The existing seqtools_py/ directory demonstrates the porting pattern:

  1. Write a pure Python implementation with the same semantics as the Perl module.
  2. Add it to seqtools_py/ (or a new package under src/bio_sea_pearl/).
  3. Update the API layer to try the Python version first and fall back to Perl.

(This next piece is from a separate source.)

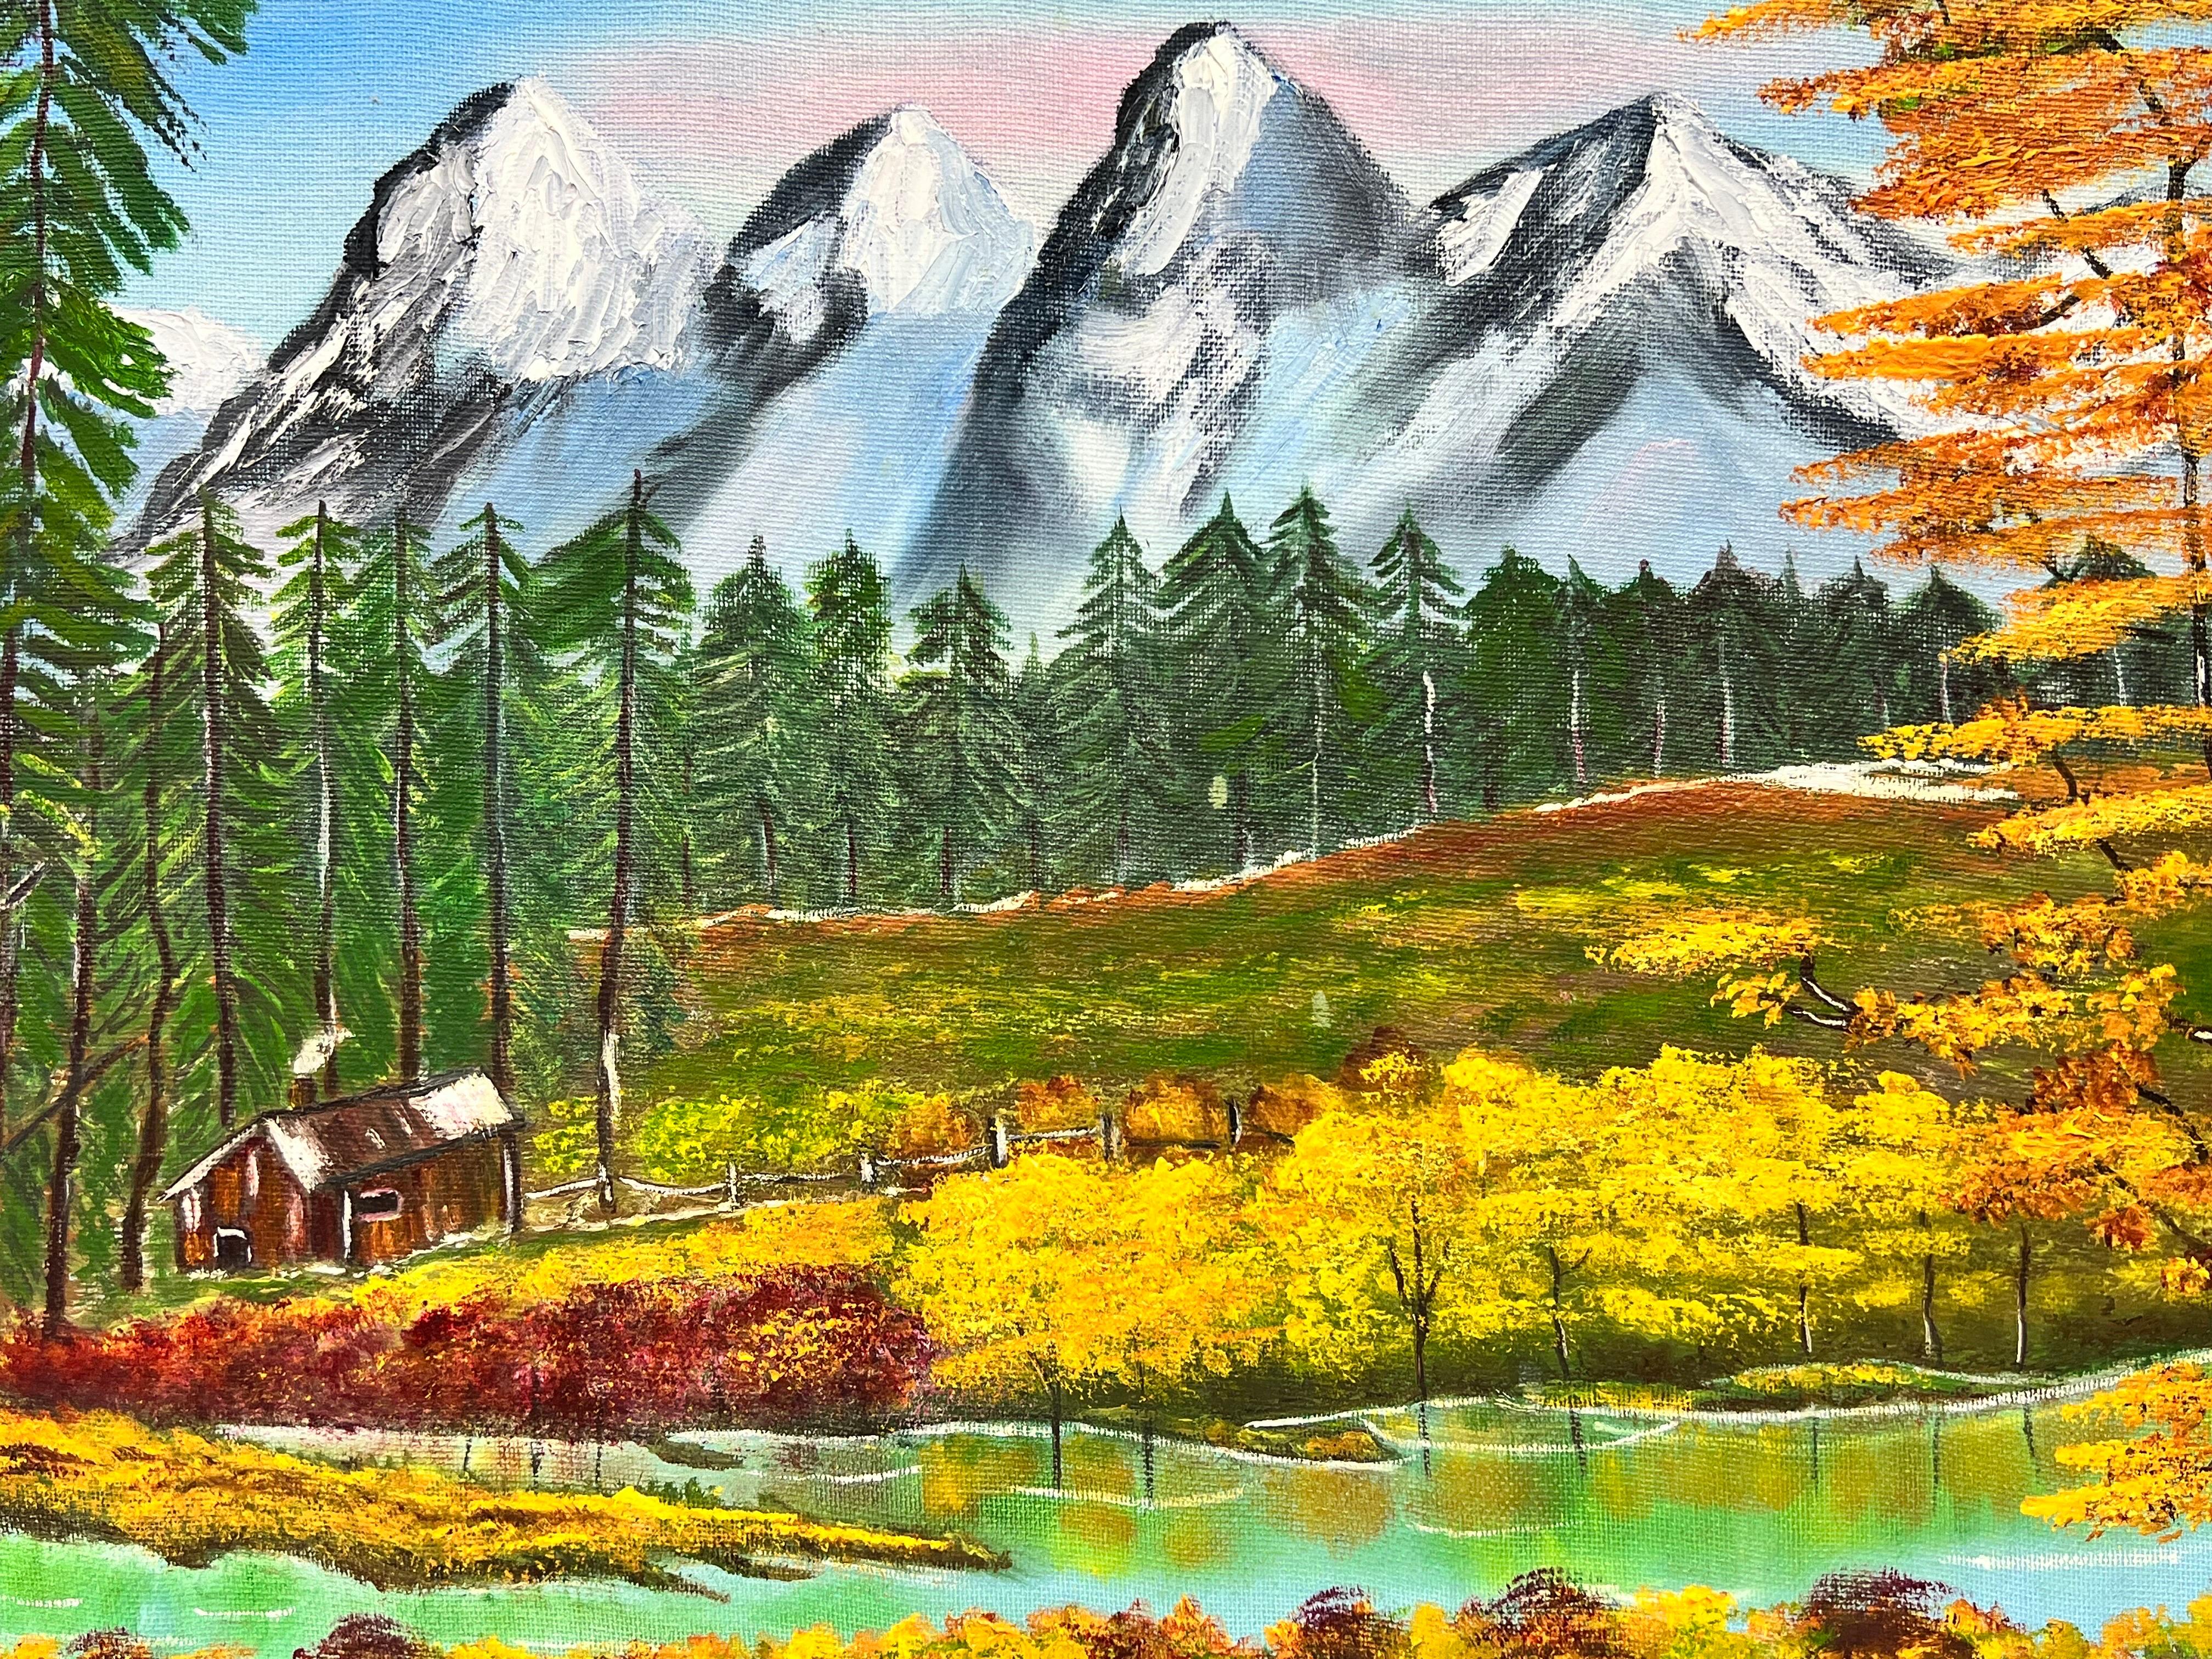 Scottish Highland Snow Capped Mountains, Original britisches Gemälde – Painting von Ben Powell
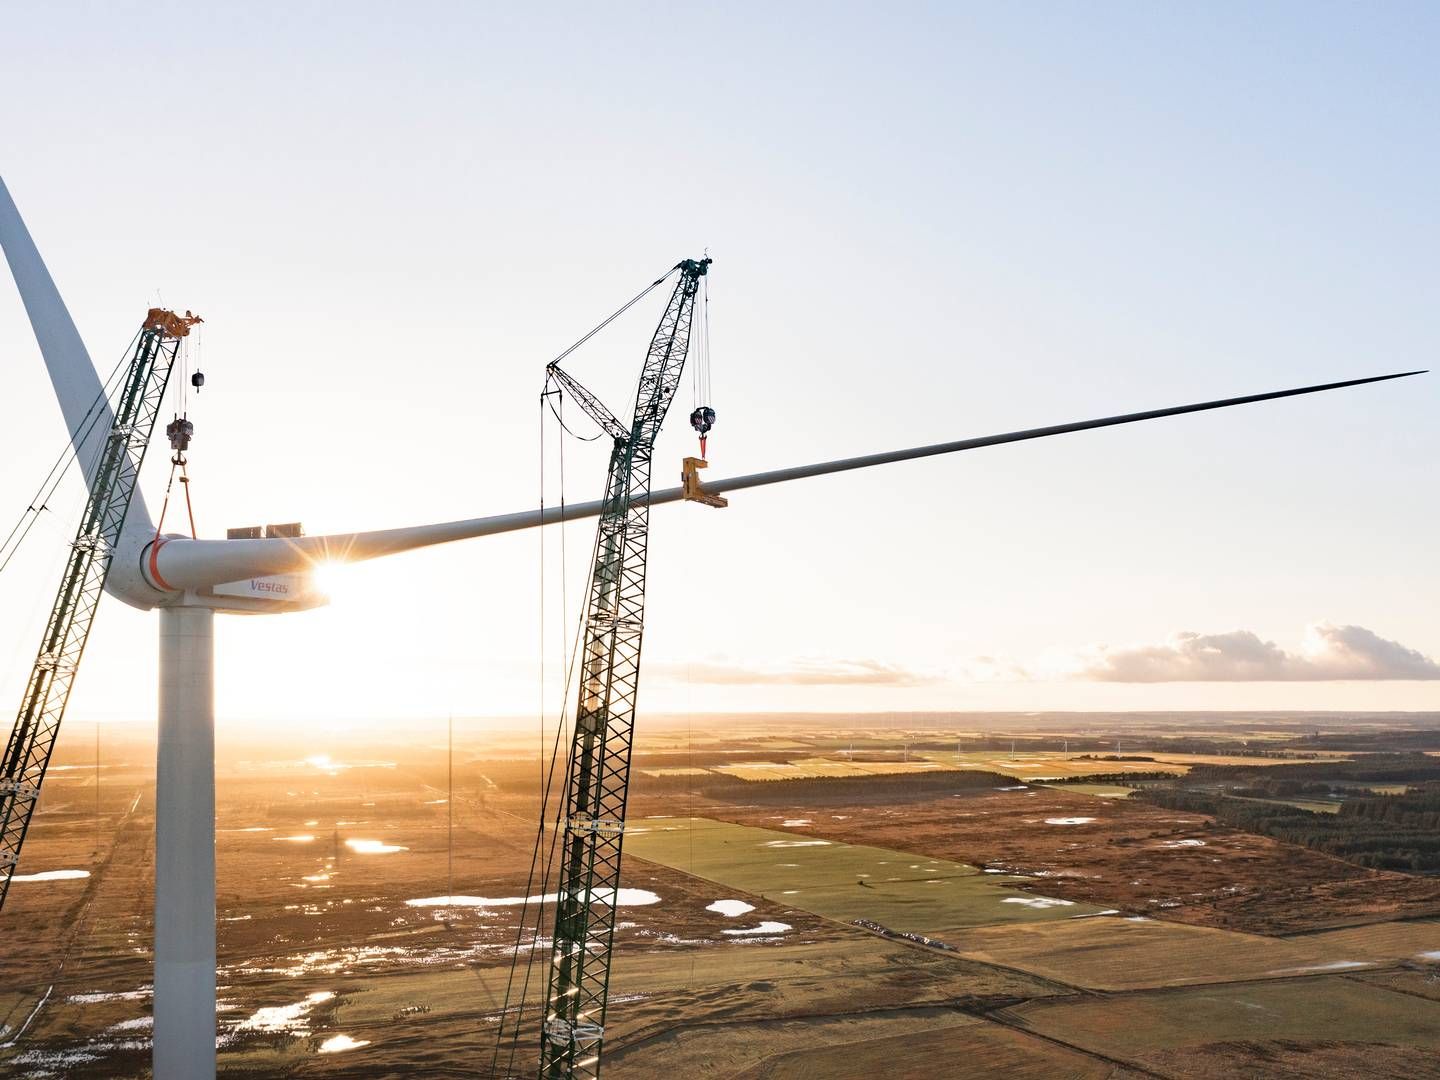 Vindmølleproducenten Vestas tager igen topplaceringen som største globale vindmølleproducent. | Foto: vestas

The fallback logic in seqtools_api.py handles this automatically:

try:
    return _python_implementation(args)
except ValueError:
    raise  # Validation errors propagate immediately
except Exception:
    return _perl_fallback(args)  # Other failures fall back

This pattern means you can deploy without Perl once all required functions have Python ports.


Build and packaging

The project uses Hatchling as its build backend. Key configuration in pyproject.toml:

[tool.hatch.build.targets.wheel]
packages = ["src/bio_sea_pearl"]

[tool.hatch.build.targets.wheel.force-include]
"api" = "api"
"alignment" = "alignment"
"markov" = "markov"
"seqtools" = "seqtools"

If you add a new top-level directory that needs to be included in the wheel, add a force-include entry.


Running tests

# Install dev dependencies
pip install -e ".[dev]"

# Run the full test suite
pytest

# Run a specific test file
pytest tests/unit/test_bwt.py

# Run with verbose output
pytest -v

The test suite uses @pytest.mark.skipif to skip tests that require Perl when Perl is not installed. Follow this pattern for any new tests that depend on external tools.


Repository root resolution

The wrapper layer locates the repository root in two ways:

  1. BIOSEA_REPO_ROOT environment variable — set this in Docker containers or CI environments where the repo is at a non-standard path.
  2. Path traversalPath(__file__).resolve().parents[3] walks three levels up from the wrapper file, which reaches the repository root from src/bio_sea_pearl/perl_wrappers/.

If you move wrapper files to a different directory depth, update the parents[3] index accordingly.